A Singing Valentine’s Day Tradition
Jen Espinosa arrived at 102 Thomas on Tuesday afternoon expecting to take a Bio 411 exam.She sat in her seat, a couple rows from the back, and took out a No. 2 pencil. Her professor, James A. Strauss, began handing out scantrons.
Then five male students wearing suits walked into the lecture hall. And the exam was delayed.
The well-dressed quintet has a name: They are The Dreamers, the official a capella group of Phi Mu Alpha, Penn State’s singing fraternity. And for the 23rd straight year, The Dreamers spread love on Feb. 14 by delivering singing Valentines throughout the day.
The routine is simple: The youngest member of The Dreamers—this time it was Brian Bender, a freshman who is also in the Blue Band—must walk in the classroom and ask the professor for permission to interrupt class. Once Bender got the OK, the rest of the group joined him and called the Valentine to the “stage.”

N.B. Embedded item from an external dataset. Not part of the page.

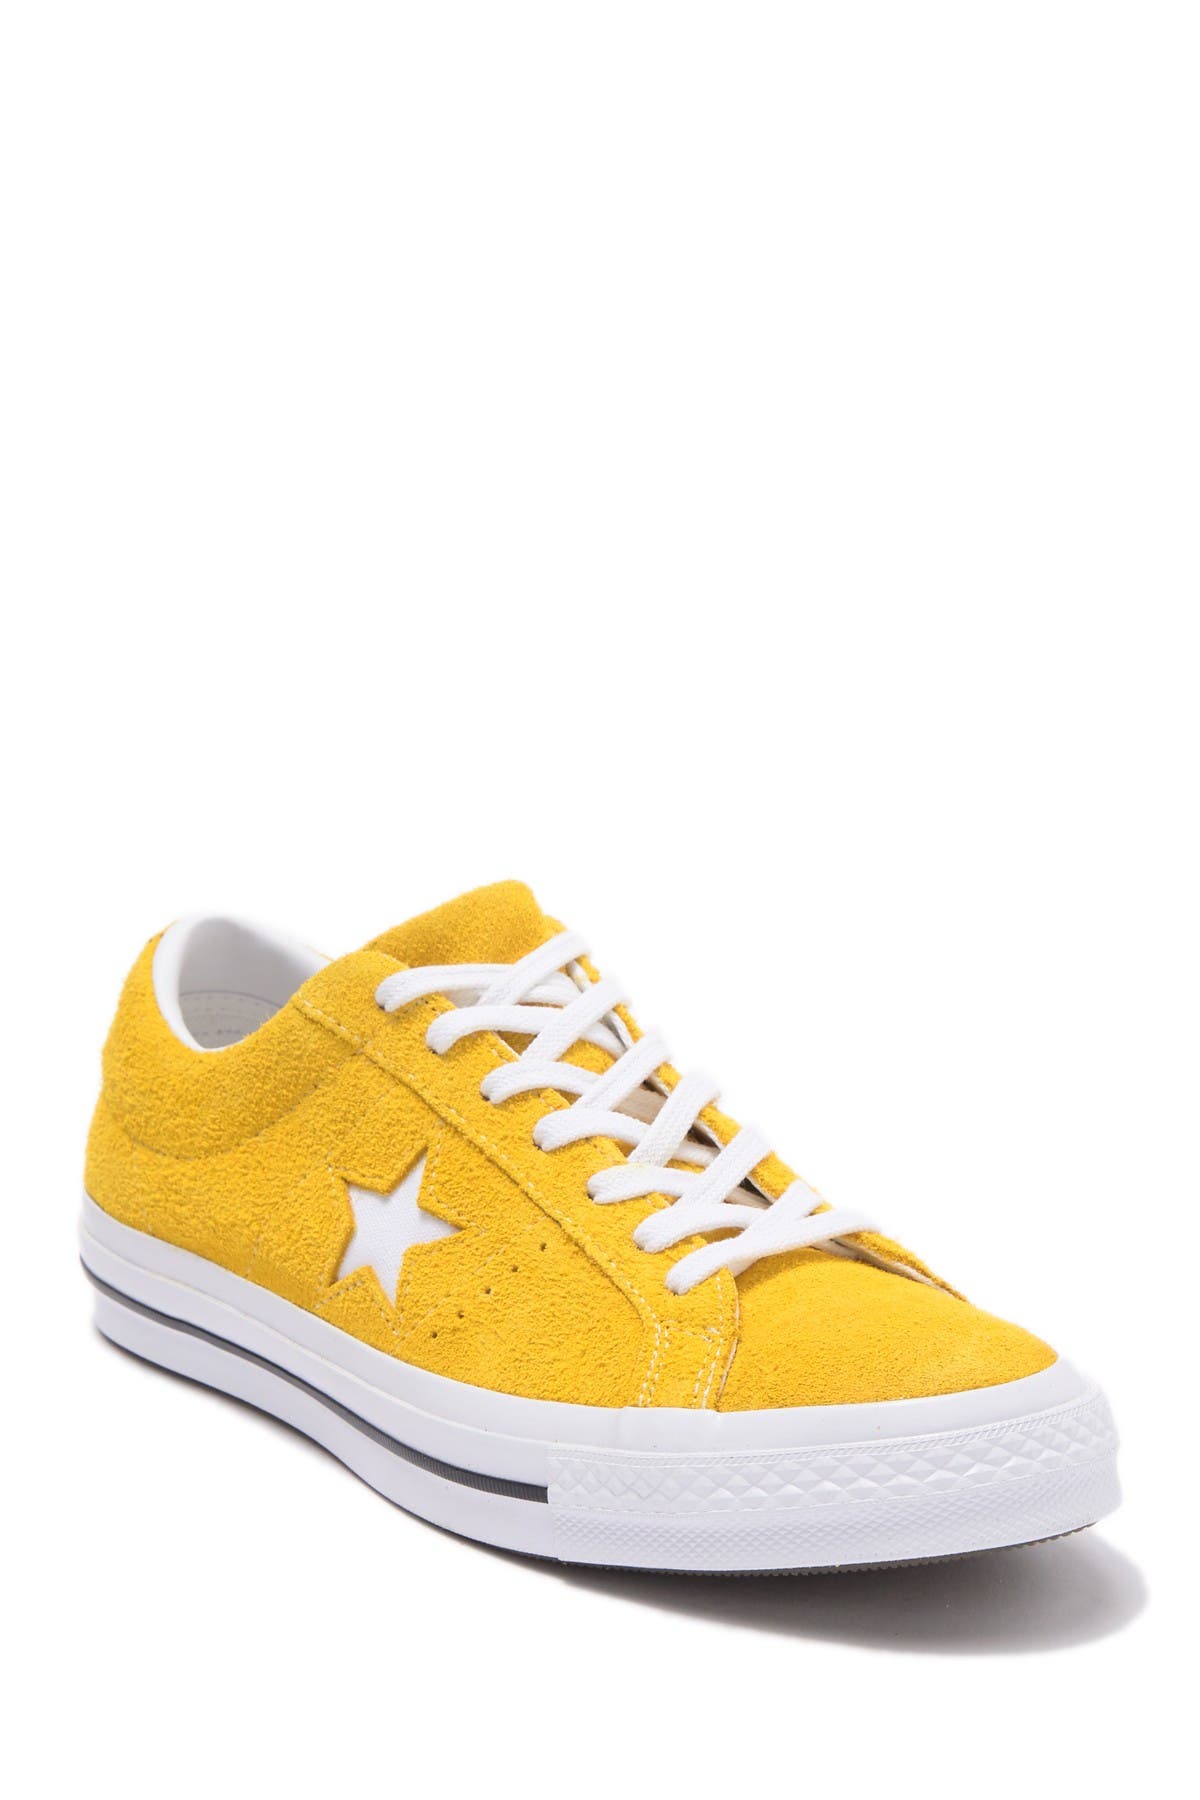 Converse | One Star OX Suede Star

Most recipients, like Espinosa, have no idea it’s coming. Embarrassed by the attention, Espinosa refused to walk to the front of the room to be serenaded by The Dreamers — until Dr. Strauss made a serious threat. “You’ll fail this exam if you don’t get up,” he said, as laughter filled the room.
So Espinosa sat in a chair by the front podium and—with her hands over her mouth for most of the performance—listened as The Dreamers sang The Five Satins’ classic, Still of the Night.
“The mission of our fraternity is to advance music in America,” said Lando Landers-Nolan, Phi Mu Alpha’s president and business manager. “With the singing Valentines, it’s a good combination of our mission and fun—lots of bonding between the brothers.”
The fraternity has delivered singing Valentines for the past 23 years—ever since Phi Mu Alpha’s inception. They take reservations by email. Some requests, Landers-Nolan said, come in as early as October.
On Tuesday, the fraternity was scheduled to perform 14 times. It would have been more, but the group had to fit performances in with their own class schedules.
A singing Valentine goes for $15—with a few exceptions. Landers-Nolan got a frantic email Monday from a man in the United Arab Emirates. The man is mailing Phi Mu Alpha a check for $50 so that his Valentine got a song in her Comm 467 class on Tuesday.
For the most part, professors are OK with the brief deviation from the lesson plan. Sociology professor Sam Richards is a particularly big fan of The Dreamers. Landers-Nolan was in Richards’ SOC 119 class a few semesters ago, and after Valentine’s Day, Richards emailed Landers-Nolan some suggestions of songs he thought should be added to the repertoire.
Landers-Nolan said while he appreciated the input, the group didn’t make any changes. The Dreamers already have a repertoire of about 50 songs that everyone seems to adore.